Japanese tokenizer for Transformers.

Project description

Sudachi Transformers (chiTra)

chiTraは事前学習済みの大規模な言語モデルと Transformers 向けの日本語形態素解析器を提供します。 / chiTra provides the pre-trained language models and a Japanese tokenizer for Transformers.

chiTraはSudachi Transformersの略称です。 / chiTra stands for Sudachi Transformers.

事前学習済みモデル / Pretrained Model

公開データは Open Data Sponsorship Program を使用してAWSでホストされています。 / Datas are generously hosted by AWS with their Open Data Sponsorship Program.
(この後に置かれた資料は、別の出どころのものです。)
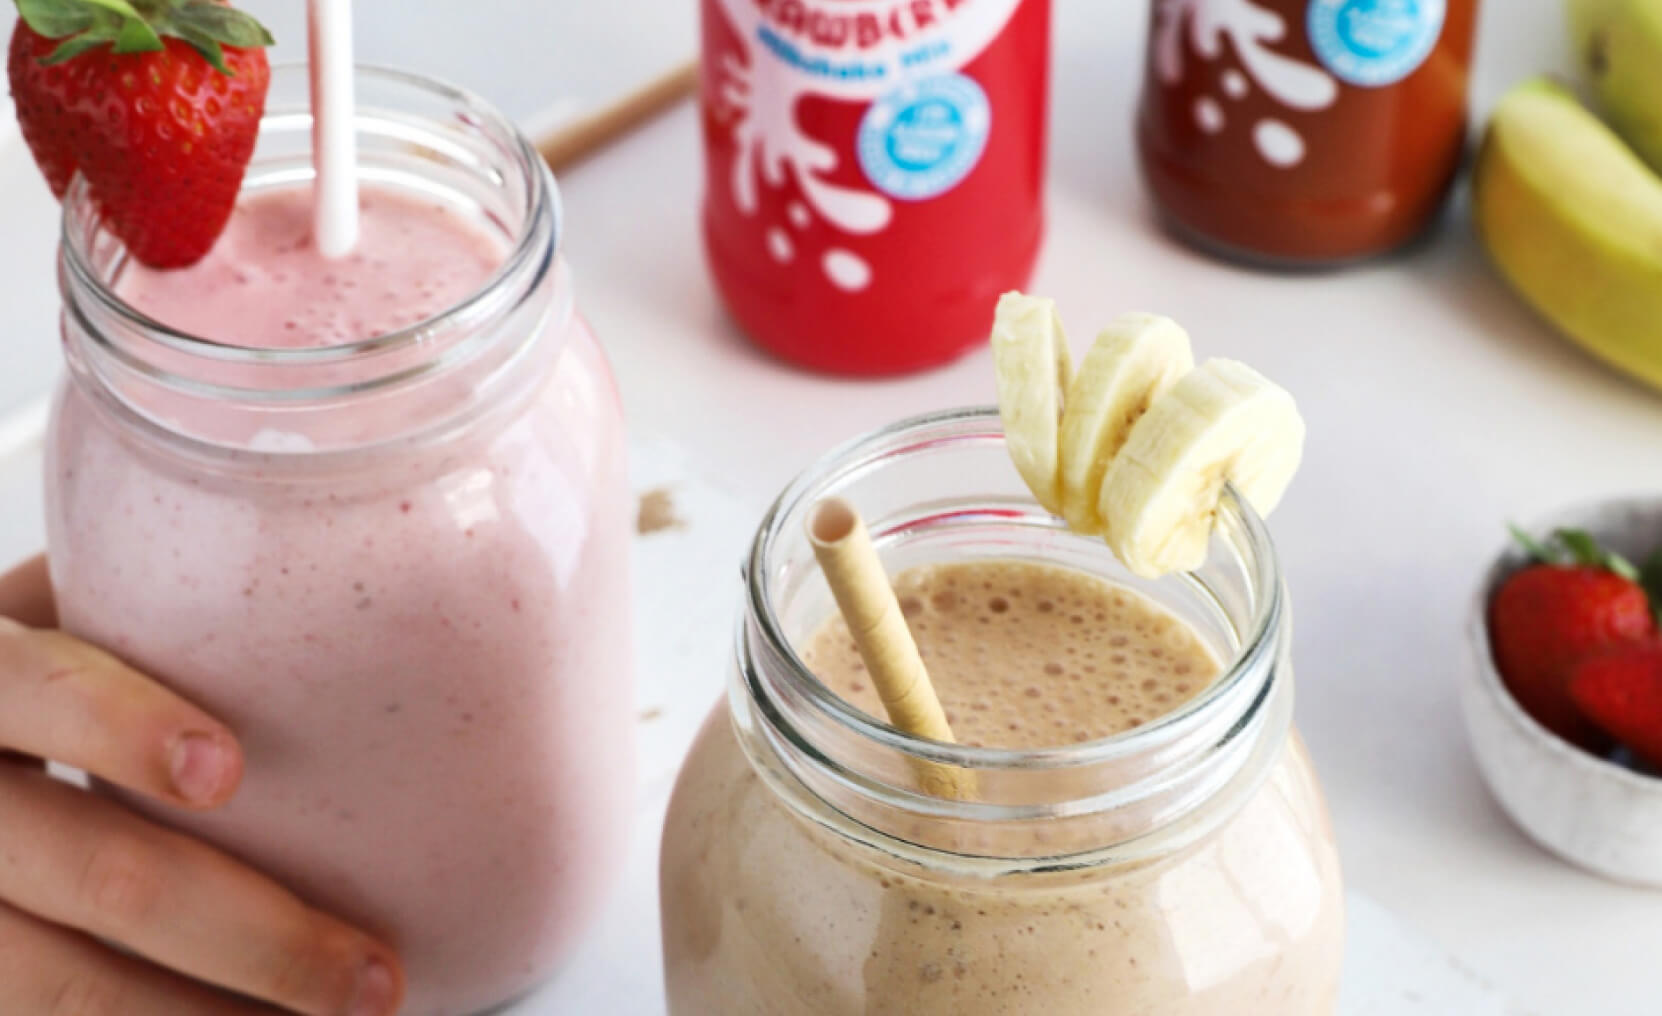 Banana and Strawberry milkshakes in glass jars with added fresh fruit, and Crusha milkshake bottles in the background.

Version	Normalized	SudachiTra	Sudachi	SudachiDict	Text	Pretrained Model
v1.0	normalized_and_surface	v0.1.7	0.6.2	20211220-core	NWJC (109GB)	395 MB (tar.gz)
v1.1	normalized_nouns	v0.1.8	0.6.6	20220729-core	NWJC with additional cleaning (79GB)	396 MB (tar.gz)

特長 / Features

大規模テキストによる学習 / Training on large texts
- 国語研日本語ウェブコーパス (NWJC) をつかってモデルを学習することで多様な表現とさまざまなドメインに対応しています / Models are trained on NINJAL Web Japanese Corpus (NWJC) to support a wide variety of expressions and domains.
Sudachi の利用 / Using Sudachi
- 形態素解析器 Sudachi を利用することで表記ゆれによる弊害を抑えています / By using the morphological analyzer Sudachi, reduce the negative effects of various notations.

chiTraの使い方 / How to use chiTra

クイックツアー / Quick Tour

事前準備 / Requirements

$ pip install sudachitra
$ wget https://sudachi.s3.ap-northeast-1.amazonaws.com/chitra/chiTra-1.1.tar.gz
$ tar -zxvf chiTra-1.1.tar.gz

モデルの読み込み / Load the model

>>> from sudachitra.tokenization_bert_sudachipy import BertSudachipyTokenizer
>>> from transformers import BertModel

>>> tokenizer = BertSudachipyTokenizer.from_pretrained('chiTra-1.1')
>>> tokenizer.tokenize("選挙管理委員会とすだち")
['選挙', '##管理', '##委員会', 'と', '酢', '##橘']

>>> model = BertModel.from_pretrained('chiTra-1.1')
>>> model(**tokenizer("まさにオールマイティーな商品だ。", return_tensors="pt")).last_hidden_state
tensor([[[ 0.8583, -1.1752, -0.7987,  ..., -1.1691, -0.8355,  3.4678],
         [ 0.0220,  1.1702, -2.3334,  ...,  0.6673, -2.0774,  2.7731],
         [ 0.0894, -1.3009,  3.4650,  ..., -0.1140,  0.1767,  1.9859],
         ...,
         [-0.4429, -1.6267, -2.1493,  ..., -1.7801, -1.8009,  2.5343],
         [ 1.7204, -1.0540, -0.4362,  ..., -0.0228,  0.5622,  2.5800],
         [ 1.1125, -0.3986,  1.8532,  ..., -0.8021, -1.5888,  2.9520]]],
       grad_fn=<NativeLayerNormBackward0>)

インストール / Installation

$ pip install sudachitra

デフォルトの Sudachi dictionary は SudachiDict-core を使用します。 / The default Sudachi dictionary is SudachiDict-core.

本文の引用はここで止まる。